La peste parda está agazapada, esperando el momento para tirarse a la yugular. Las políticas disparatadas del apócope Merkozy, y la falta de liderazgo de los máximos representantes de las Instituciones europeas, con sus "tempos" lentísimos en la resolución de los problemas, propician que la "partida de la porra", enémigos acérrimos del proyecto europeo estén empezando a campar a sus anchas por parte del tejido europeo.
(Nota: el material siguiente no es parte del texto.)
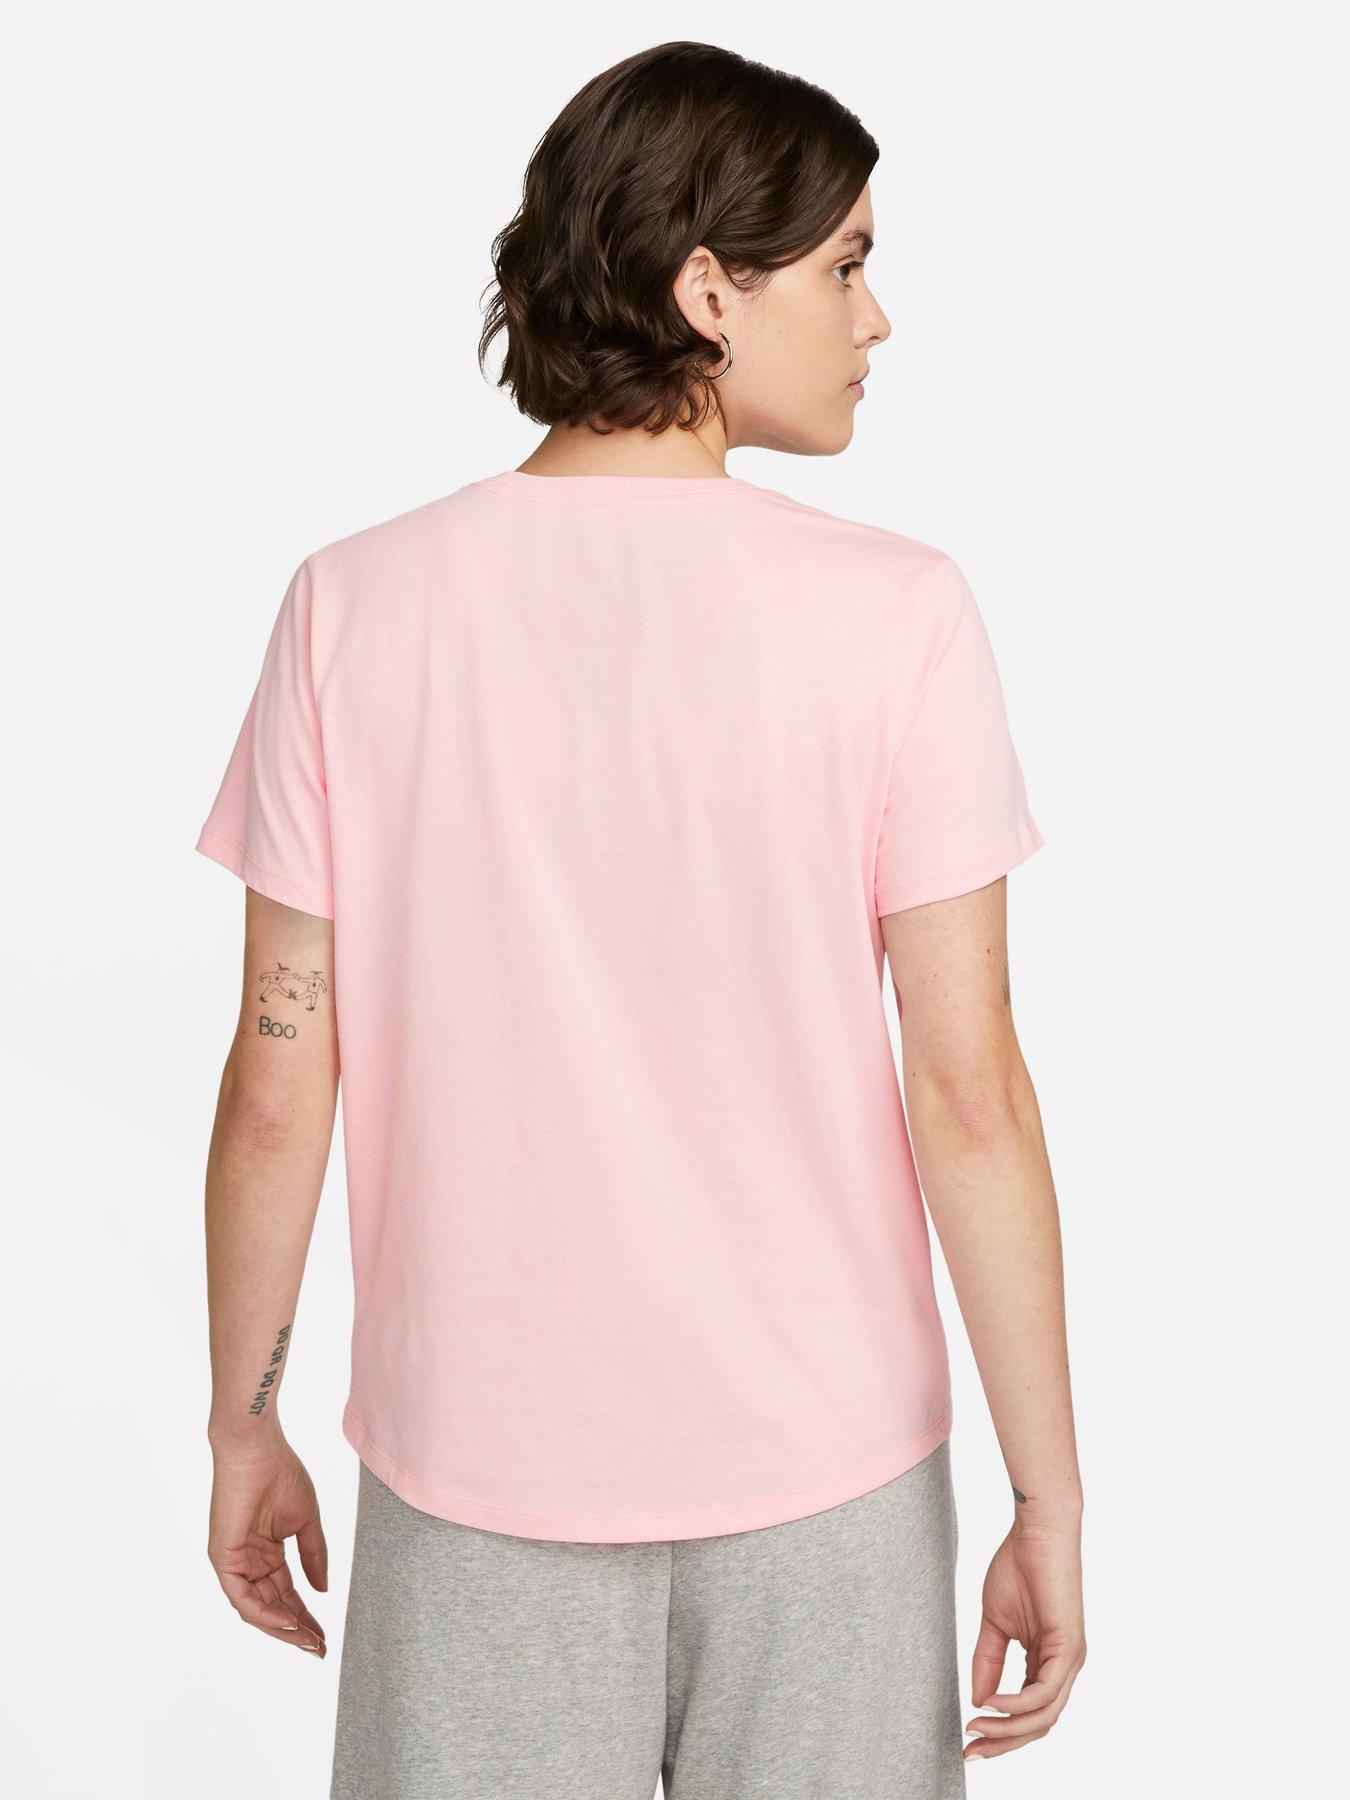 Nike Women Plus Size Sportswear Essential futura tee Shirt top 1x light  Pink

Véase el ejemplo de Grecia.
El fracaso del euro, un baldón de consecuencias horrorosas para la Europa democrática, para ellos, los partidarios de "palo y tente tieso" sería un triunfo.
Ante los momentos cruciales que estamos viviendo en España y en Europa, los máximos representantes políticos deben estar "todos a una", para evitar caer otra vez en "la noche de los tiempos".

¿dijo usten Marine Le Pen?. Me pareció entender Angela Merkel.

SIN EUROS…SIN MIEDOS…
SANS EUROS…SANS PEURS…
NO EUROS…NO FEARS…

No es un asunto de numeros, se trata del orgullo de las naciones que los politicos liberales pisotean constantemente, estoy de acuerdo que sacrificar primero a los ricos tal vez no hubiera tenido siquiera un impacto financiero positivo considerable (y lo de los derechos humanos (ellos tienen como 4 veces mas derechos que n tipo comun)) sin embargo hubera demostrado que el sacrificio es de todos y no solo de lo s que poco tuvieron que ver en la crisis.
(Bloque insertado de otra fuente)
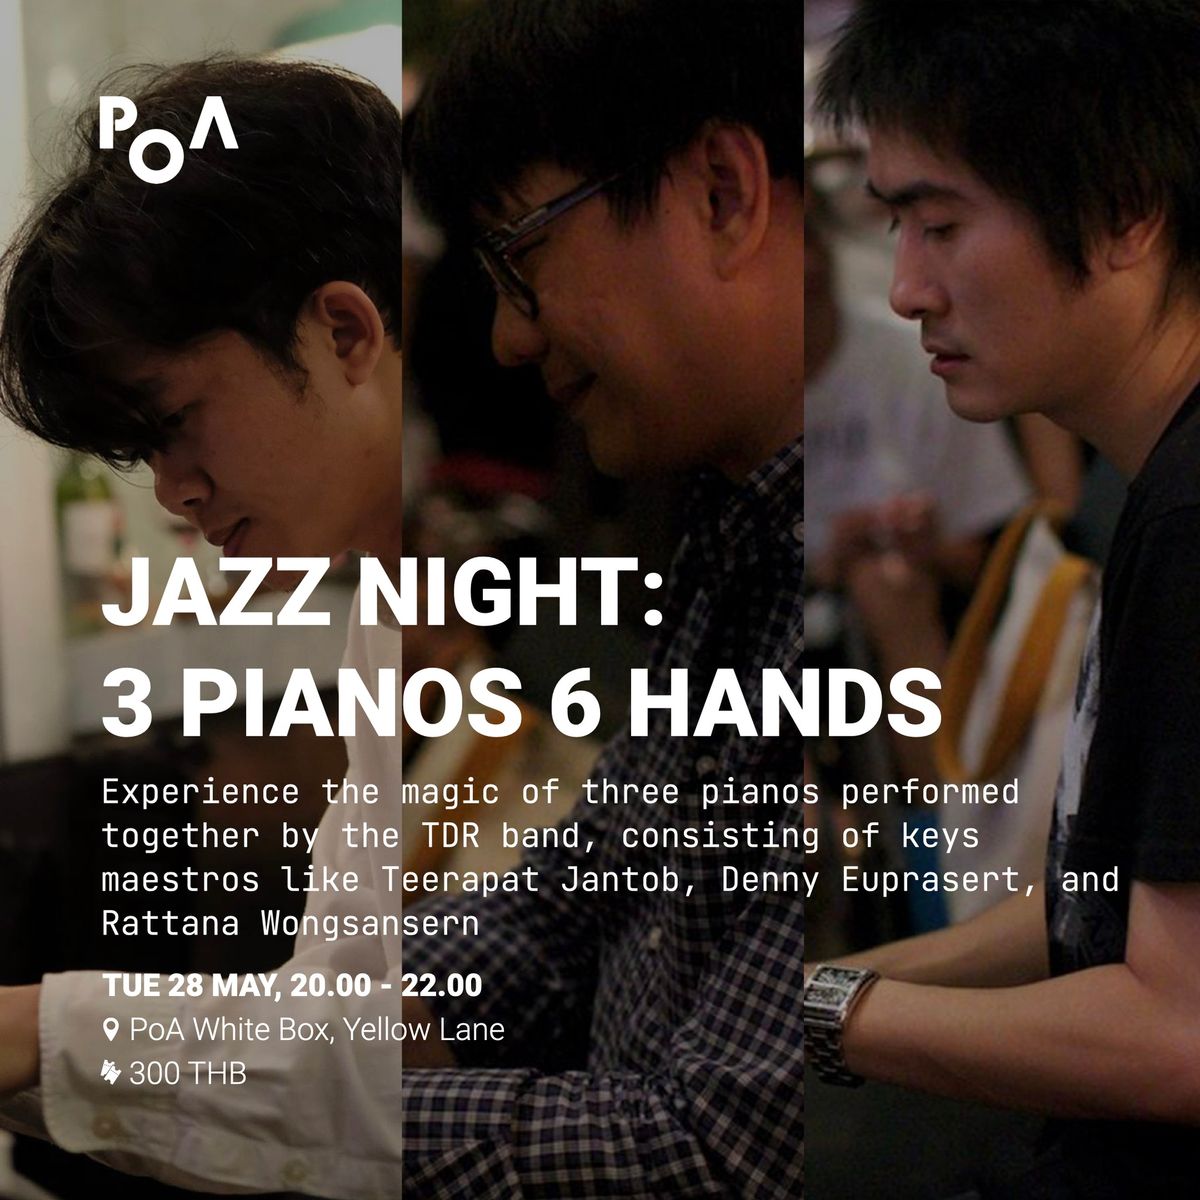 JAZZ NIGHY: 3 PIANOS 6 HANDS

La ultraderecha sube por que al menos parcha (el proteccionismo y la antiinmigracion al menos en el corto plazo sirve) y no pisotea mas a naciones ya cada vez se lucen mas como un simple monton de gente deprimida.

Posdata: Le temo al FN que ustedes mal que mal soy de Chile y que algun otro pais abrace el nacionalismo mientras aqui nosotros desperdiciamos el tiempo, minimo me preocupa.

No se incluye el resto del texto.